■ **Given information**
>>>>

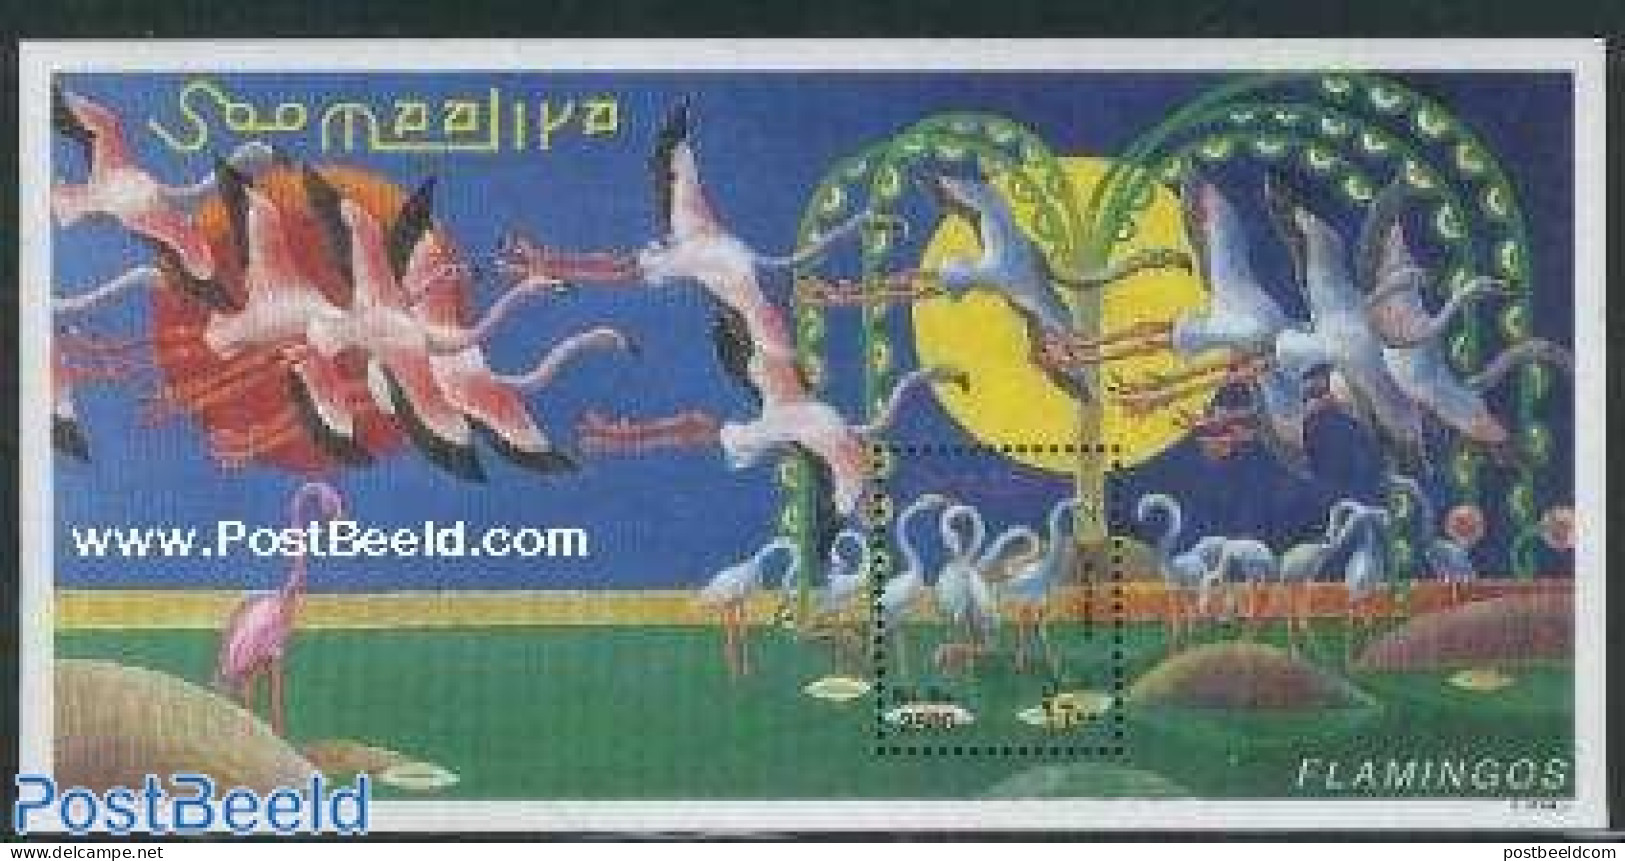 Somalia 1998 Flamingo S/s, Mint NH, Nature - Birds - Somalie (1960-...)
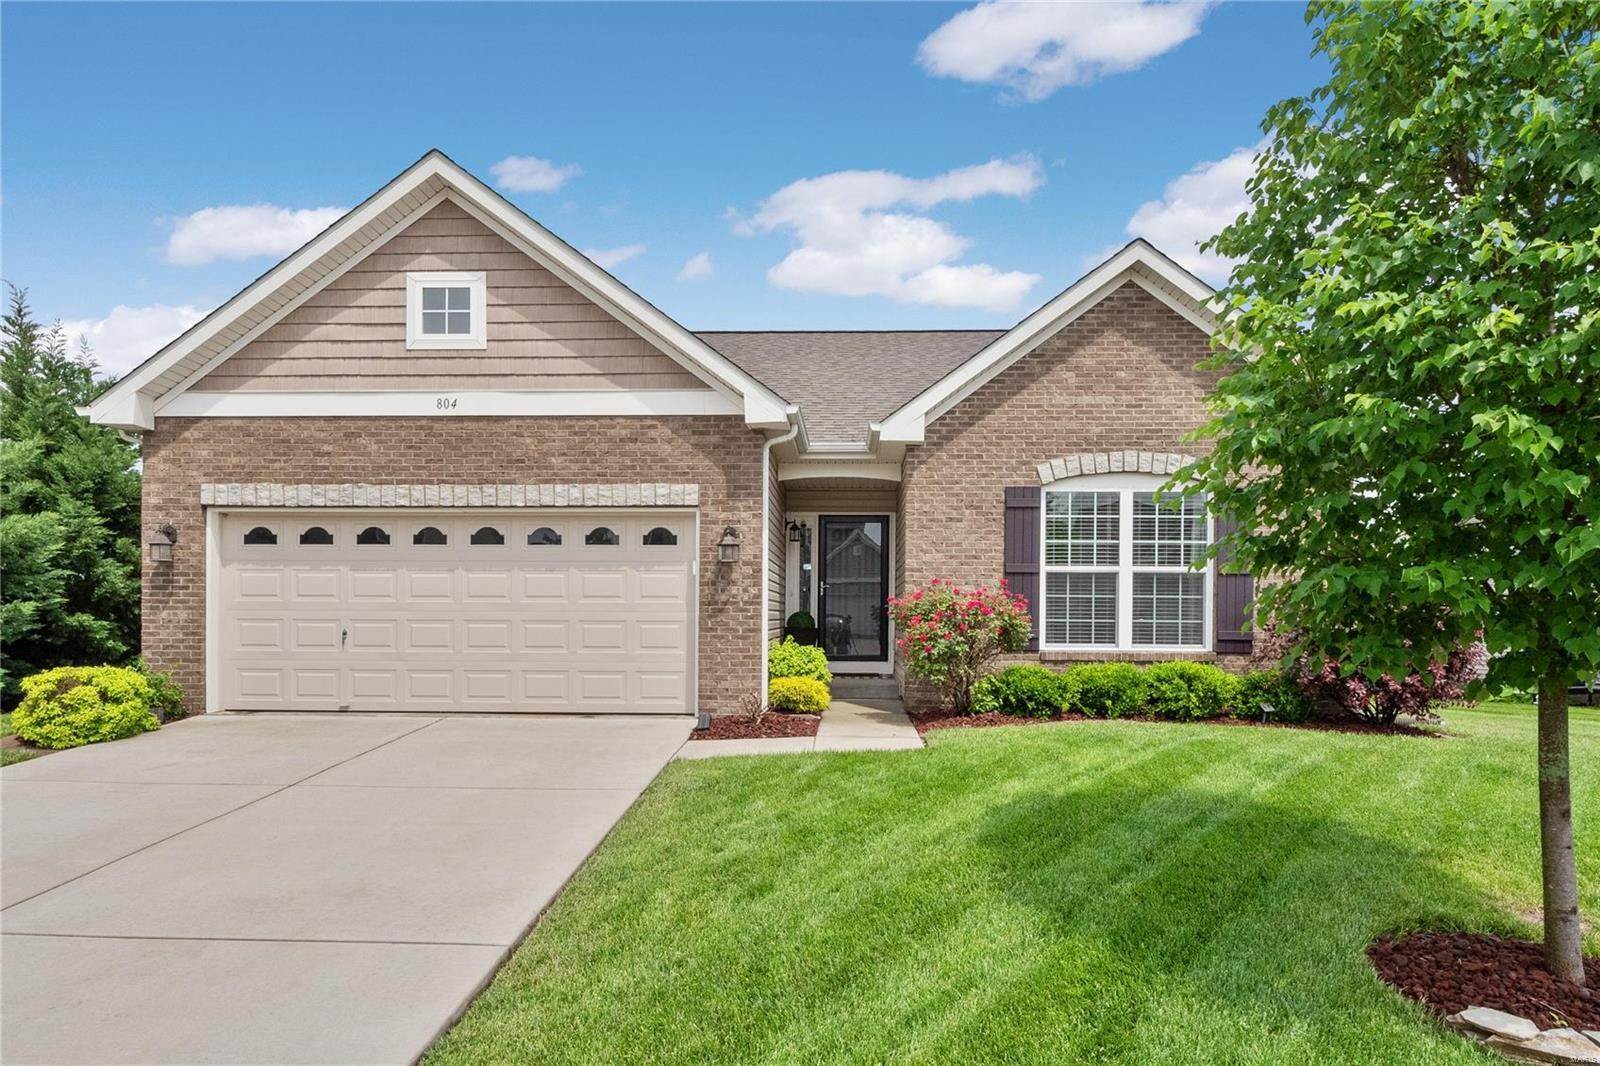 Property for Sale at 804 Hawkridge Run Shiloh, Illinois 62221 United States
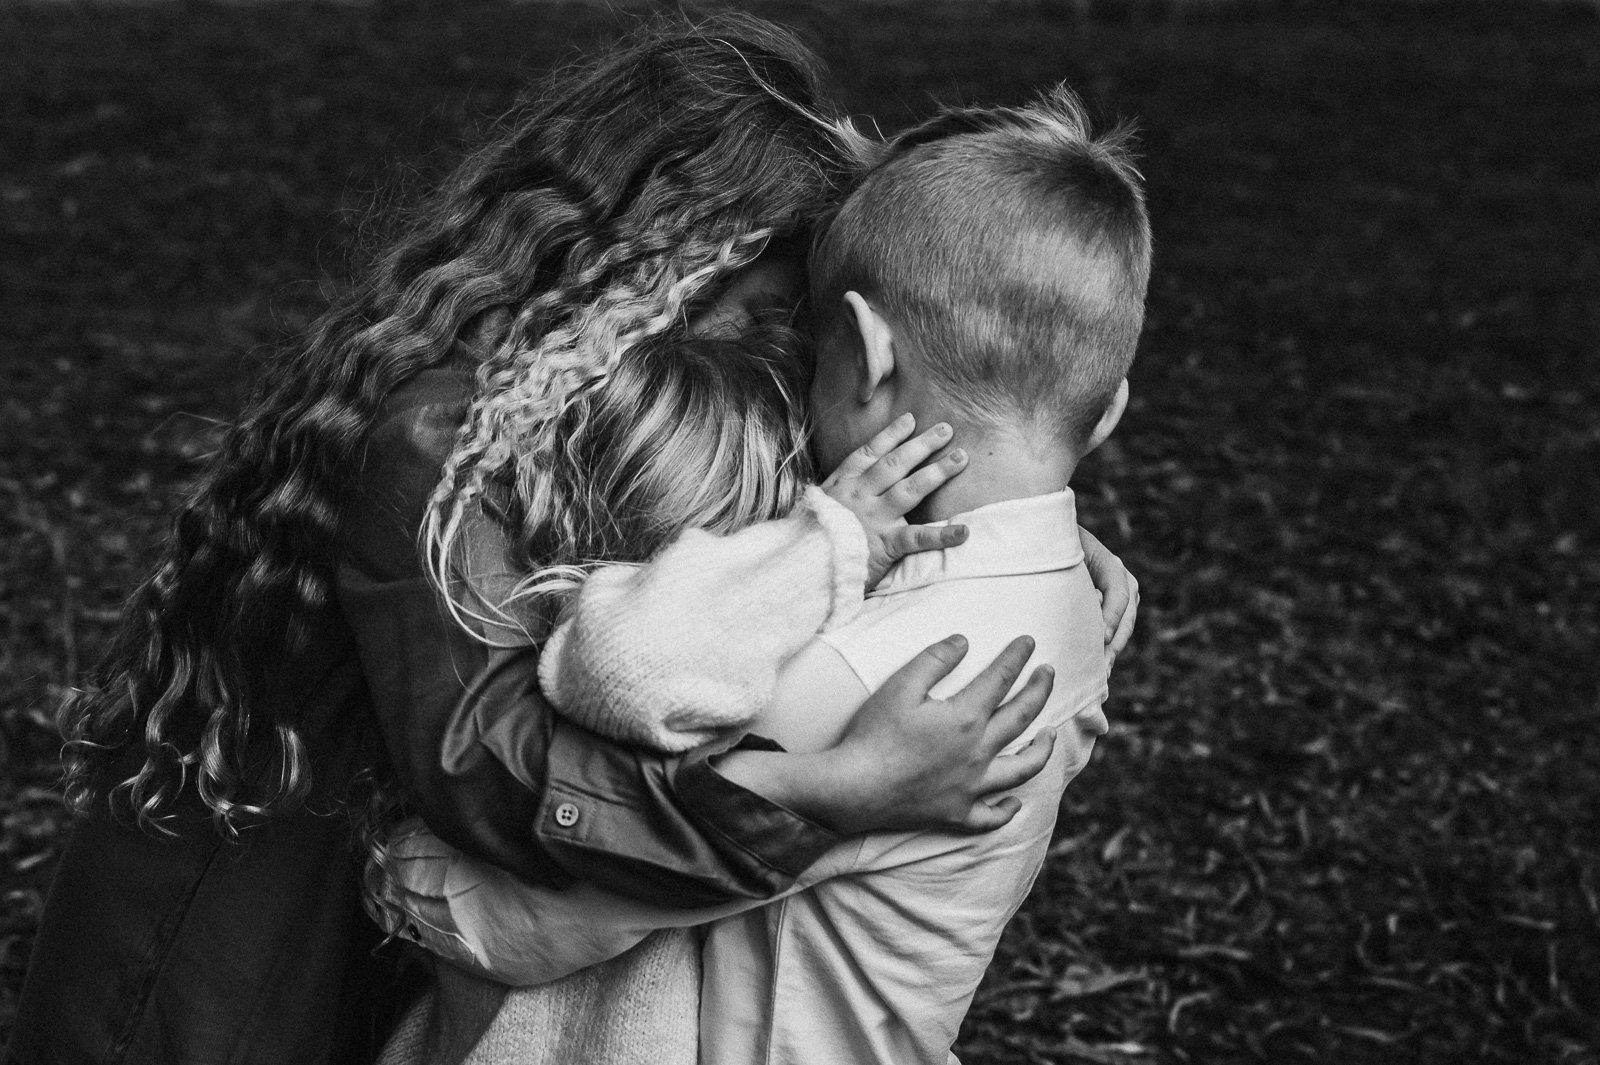 melbourne_family_photographer_together_children_hugging_hands_black_and_white-1.jpg

<<<<

■ **Exercise brief**
Would it be possible to copy the material exactly, excluding the images?

■ **Expected answer**
 Somalia 1998 Flamingo S/s, Mint NH, Nature - Birds - Somalie (1960-...)
 Property for Sale at 804 Hawkridge Run Shiloh, Illinois 62221 United States
 melbourne_family_photographer_together_children_hugging_hands_black_and_white-1.jpg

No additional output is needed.